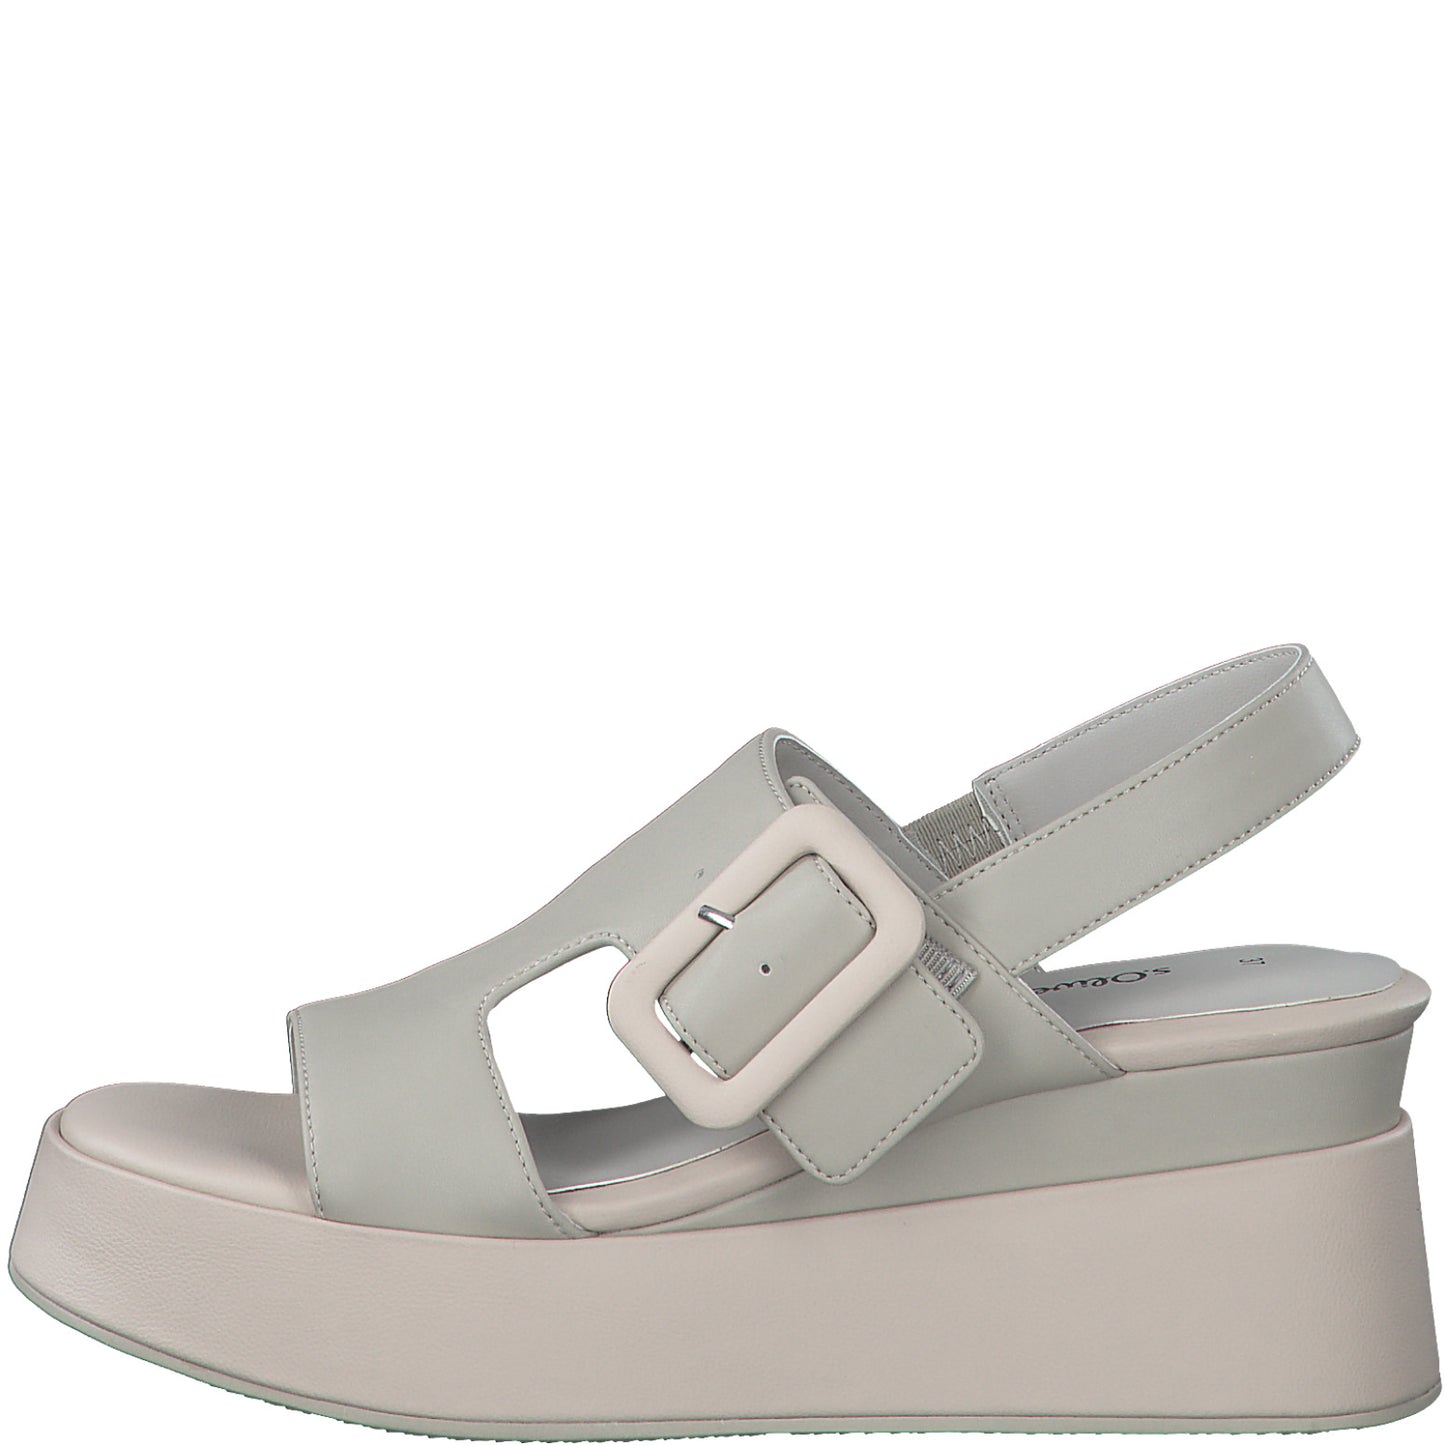 S.oliver Sandals  Taupe
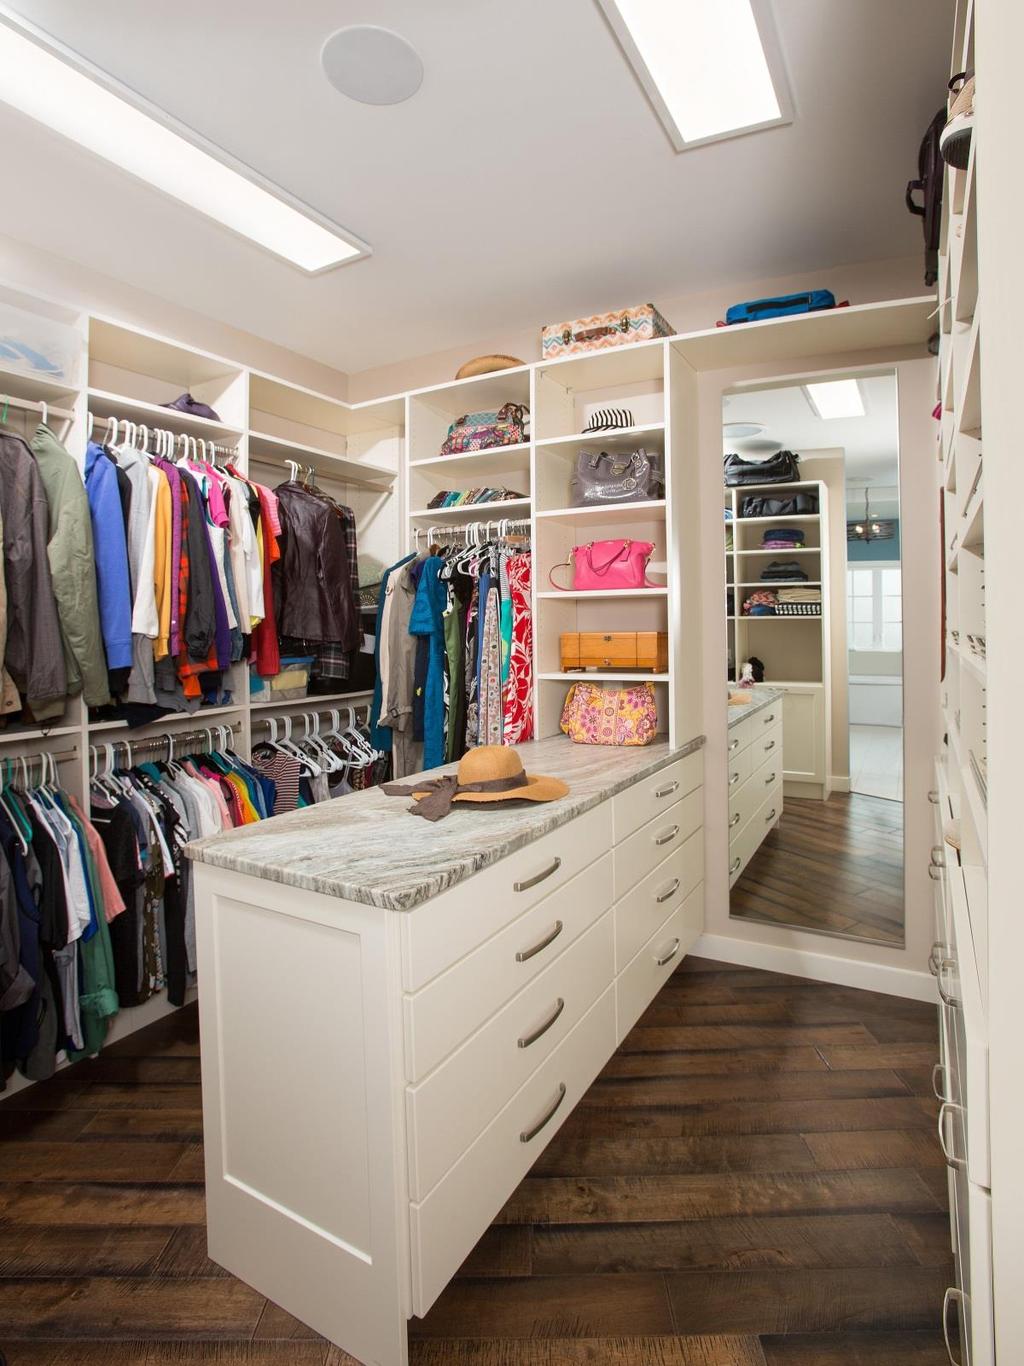 An organized his and her master closet was essential for our clients. The shelves along the perimeter and the drawers on the center were custombuilt.
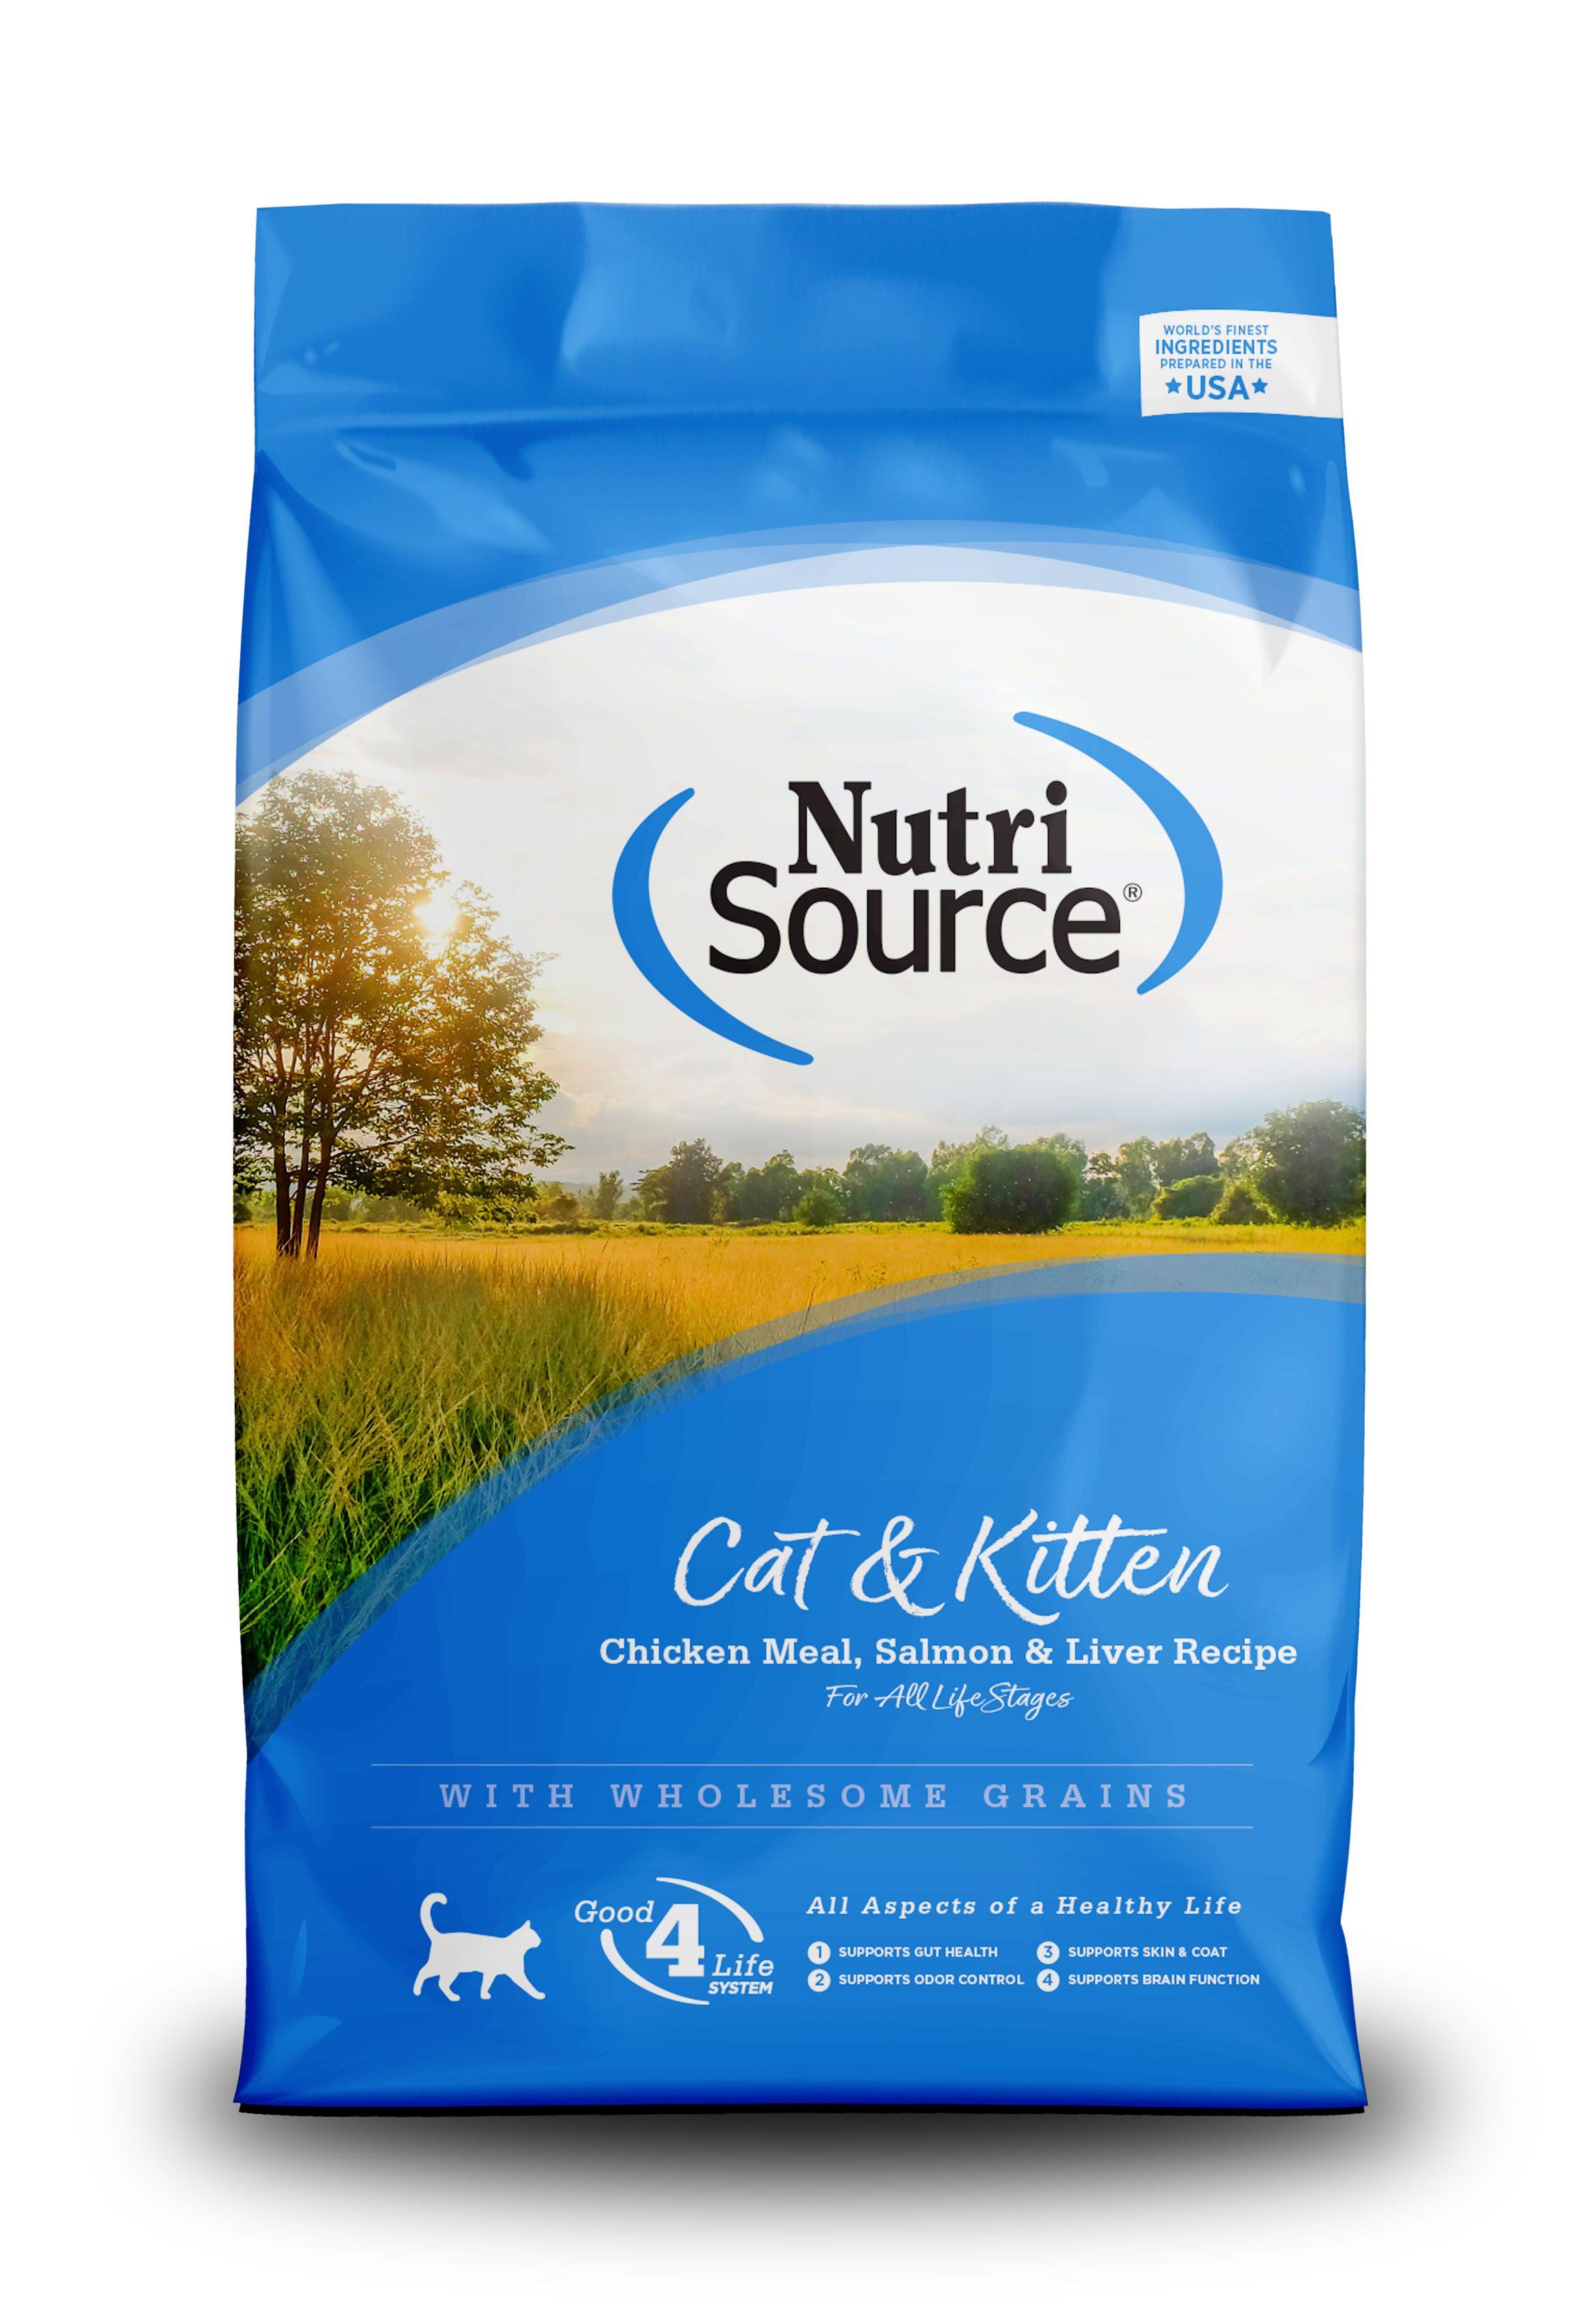 Nutri Source Cat & Kitten Dry Cat Food - Chicken & Rice, Liver, 16 lbs

Problem details: From the line containing "An organized his" through the last line of the data above, write out every line word for word, and nothing else. Do not include the pictures.

Output of the exercise:
 An organized his and her master closet was essential for our clients. The shelves along the perimeter and the drawers on the center were custombuilt.
 Nutri Source Cat & Kitten Dry Cat Food - Chicken & Rice, Liver, 16 lbs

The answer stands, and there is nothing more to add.